Some staff had to work harder than ever to manage, motivate, arrange and administer, all from home. Which apparently was done quite successfully.
But how did the lecturers continue teaching their students (and still do)? And did the lockdown enable them to get involved in other ways also?
Most lecturers were able to catch up with some of the work which was in arrears or neglected. And many became involved in helping needy families as well as attending to pastoral issues, also in respect of their students. Many also had time for longer devotions and spiritual growth, learning new skills and/or upgrading technology and other skills. Here follows some reports from several Mukhanyo lecturers (very summarised).
Rev Tebogo Mogale reports that he was able to keep in touch with his students via emails, WhatsApp and phone calls. He restructured his pastoral theology module and also submitted an overdue module for the Focus programme.
Dr Gerrit Heino emailed students a detailed overview of the pages of the textbook as well as 87 exam questions to be studied. He’s busy with a lot of marking and with curriculum development for a number of modules. He and his wife also started fundraising in The Netherlands for needy households in and around Pretoria.
Mrs Amanda Nel continued to develop second semester study guides. Some modules were at the last stage of formatting which requires time consuming word-for-word reading and checking. She is also able to keep in contact with her students.
Rev Paul Mahlangu had to read up about the role of women in the church because the topic was discussed in the classis. Problems with digital data made it difficult to work with the fulltime students. Distance students were doing better and they submitted assignments as Rev Paul could guide them, both from their study guides and with some WhatsApp discussions. He’s busy marking assignments and preparing lectures.
Dr Bryson Arthur contracted bronchitis soon after the beginning of the lockdown. Now he is healthy again and his online lectures have been successful. Copies of his new book, A Theology of Suffering, arrived from England, but remains locked-down.
Mr Jacques Malan was forced to learn to use digital methods like recording voice clips from his laptop and sending them by WhatsApp. He also prepared a new Focus module, including the study guide, the question bank and the assignment instructions.
Dr Greg Philip was able to prepare his exam papers and memoranda. He prompted his students with emails and WhatsApp messages, telling them what they could still do and sending them resources. He set up a YouTube account and started recording and uploading video lectures for his students. It was a challenge and an interesting learning curve, even making his own wooden lectern.
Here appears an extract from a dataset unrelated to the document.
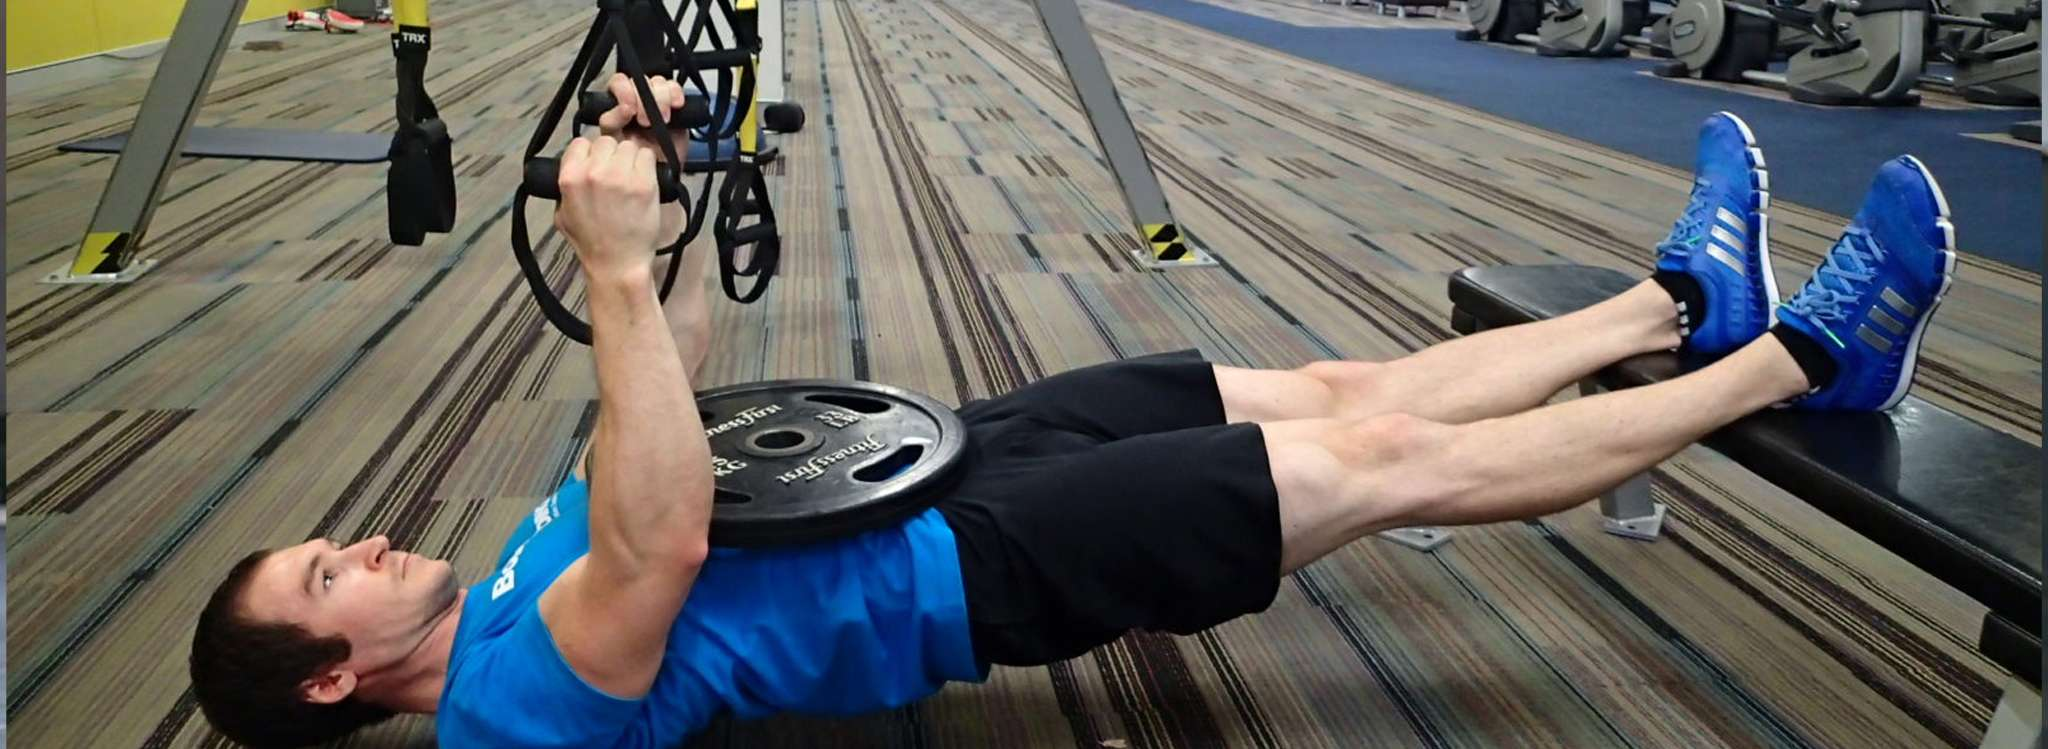 Top 30 bài tập lưng xô cho nam giới hiệu quả nhất sẽ giúp bạn sở hữu tâm lưng rộng dày đẹp nhất.

Rev Glyn Williams’ mother-in-law passed away two days before lockdown after a five year battle with cancer. Dealing with her estate was a challenge. However, he was able to catch up on several projects, including writing material for two of the new higher certificate modules, updating forms, documents and procedures for distance groups. He also started to prepare a distance tutor training programme and commenced research studies for his MTh degree.
Dr Eben le Roux reports that he had a lovely, chaotic time with three daughters needing guidance with their schoolwork, entertaining his disruptive 4-year old and a teacher-wife who had to teach to 55 kids online. When contacting his students, the problem of suffering became a reality to him. He is thankful for Mukhanyo’s strong teamwork, collective wisdom and committed leadership.
Unfortunately about a third of all Mukhanyo’s campus-based students are at home in areas with limited network and connectivity issues. So we often had to use more unconventional “online” tools to work with them so that they can complete the semester.
As one lecturer concluded: “Despite everything, God has remained faithful and has continued to provide in many ways, physical and spiritual. Soli Deo Gloria.”